═════ Records for processing

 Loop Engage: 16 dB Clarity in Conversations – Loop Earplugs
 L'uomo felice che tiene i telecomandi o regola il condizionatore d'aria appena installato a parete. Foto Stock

══════════
═════ Records for processing

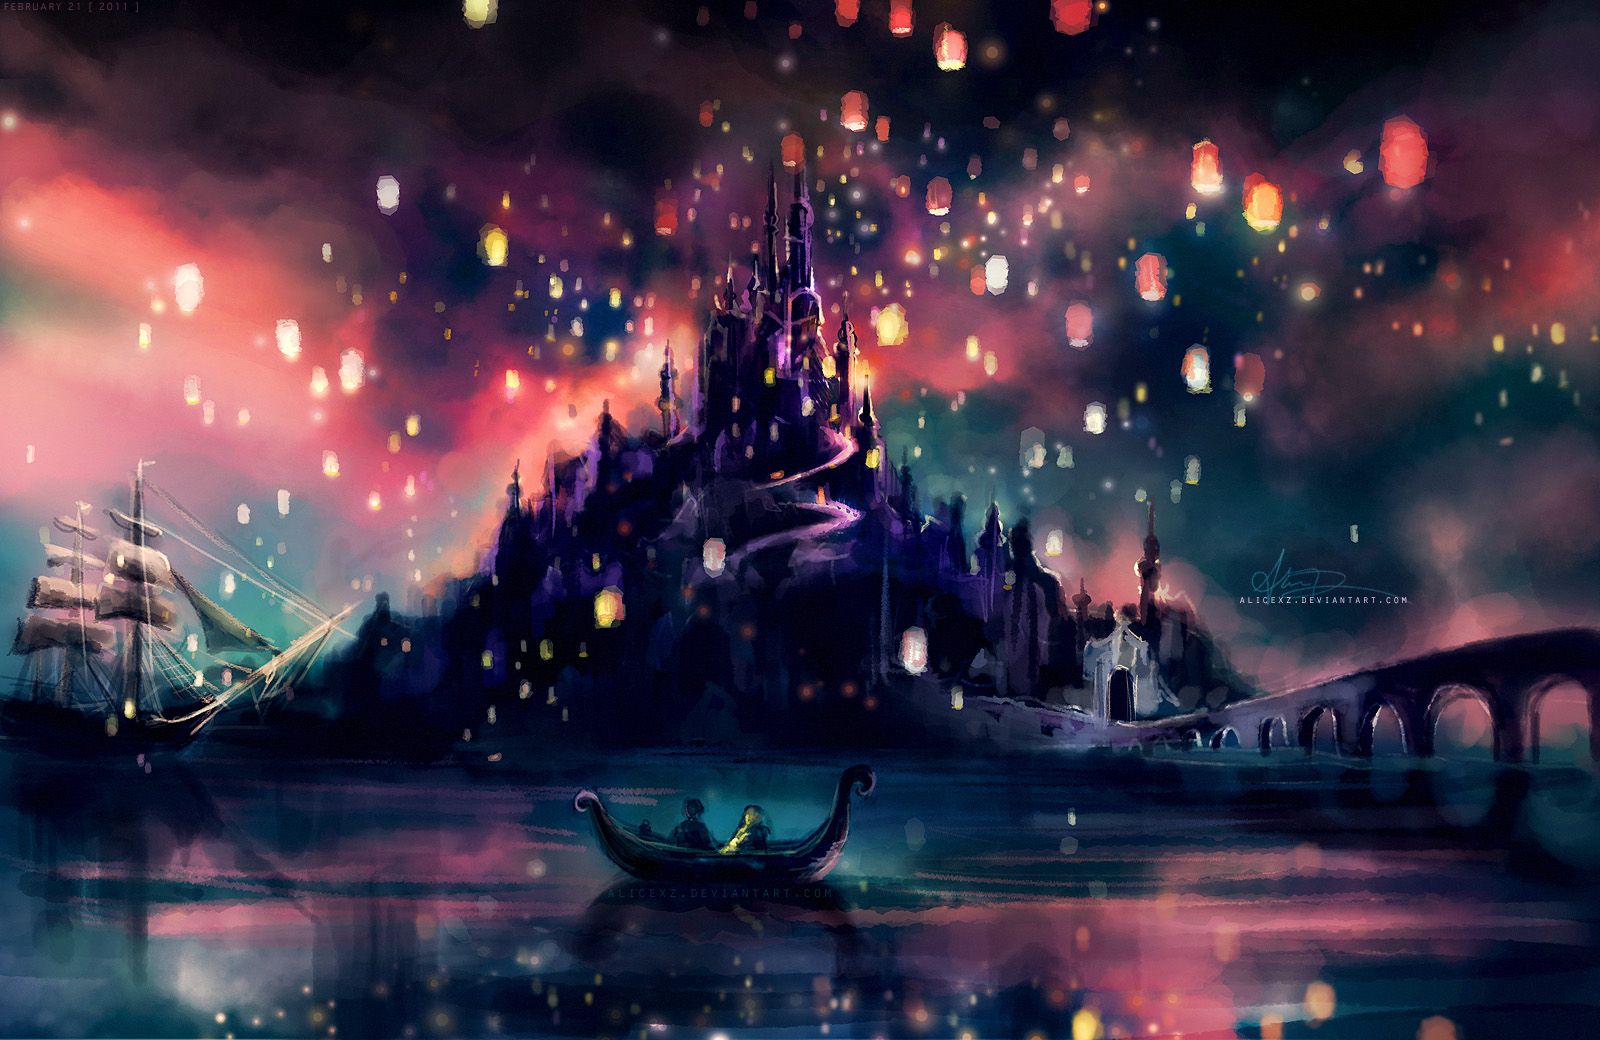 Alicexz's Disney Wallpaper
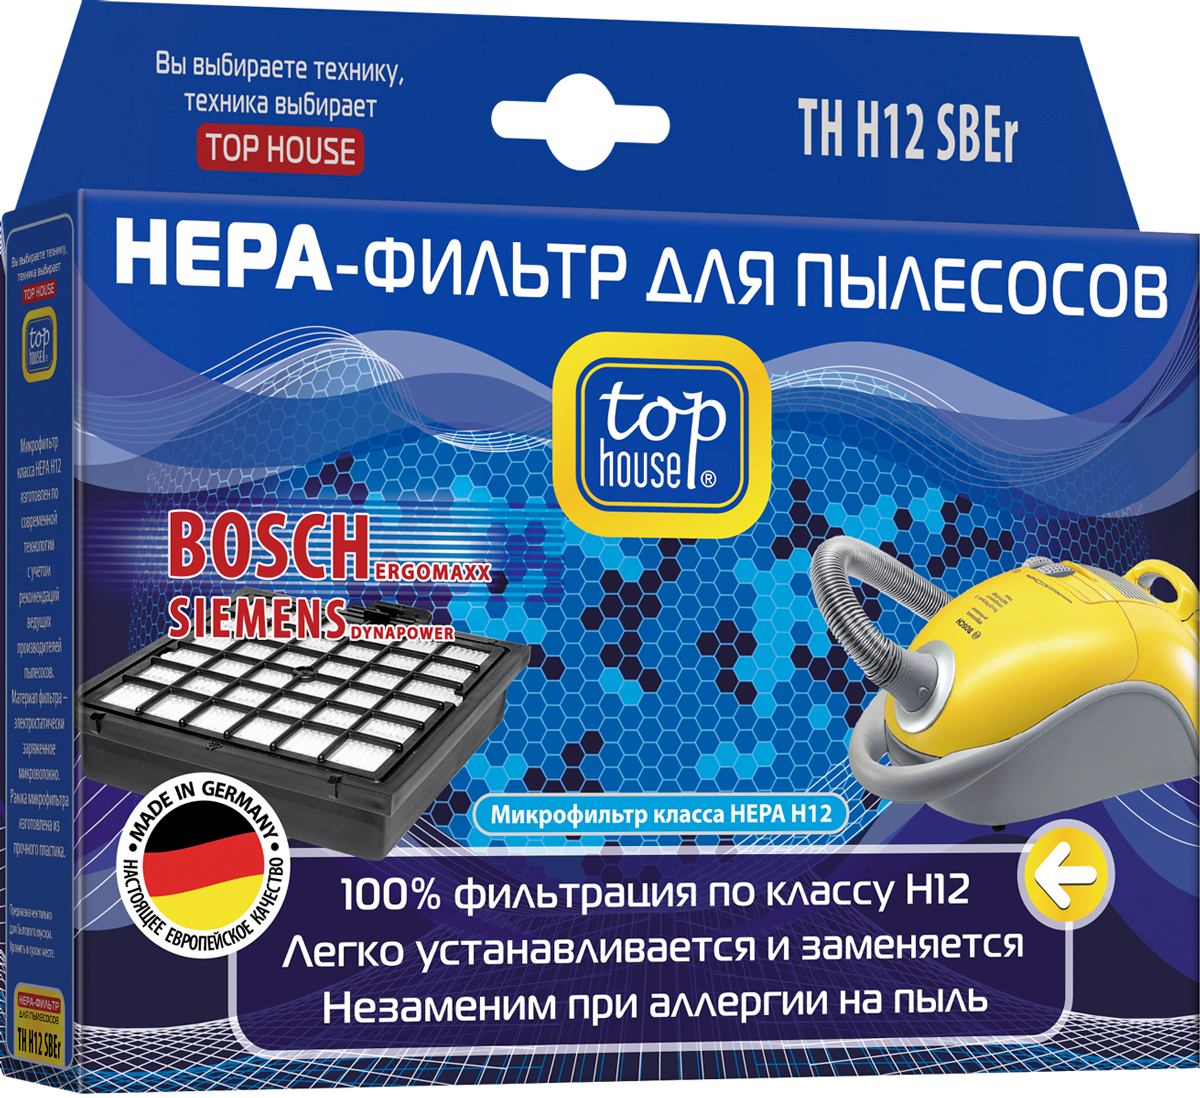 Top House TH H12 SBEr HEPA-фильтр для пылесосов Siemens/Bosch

══════════

_Exercise details_
From the entries above, write out only the lines starting at the line that holds "Loop Engage: 16" and ending at the line that holds "L'uomo felice che", keeping both and matching them exactly.

_Answer section_
 Loop Engage: 16 dB Clarity in Conversations – Loop Earplugs
 L'uomo felice che tiene i telecomandi o regola il condizionatore d'aria appena installato a parete. Foto Stock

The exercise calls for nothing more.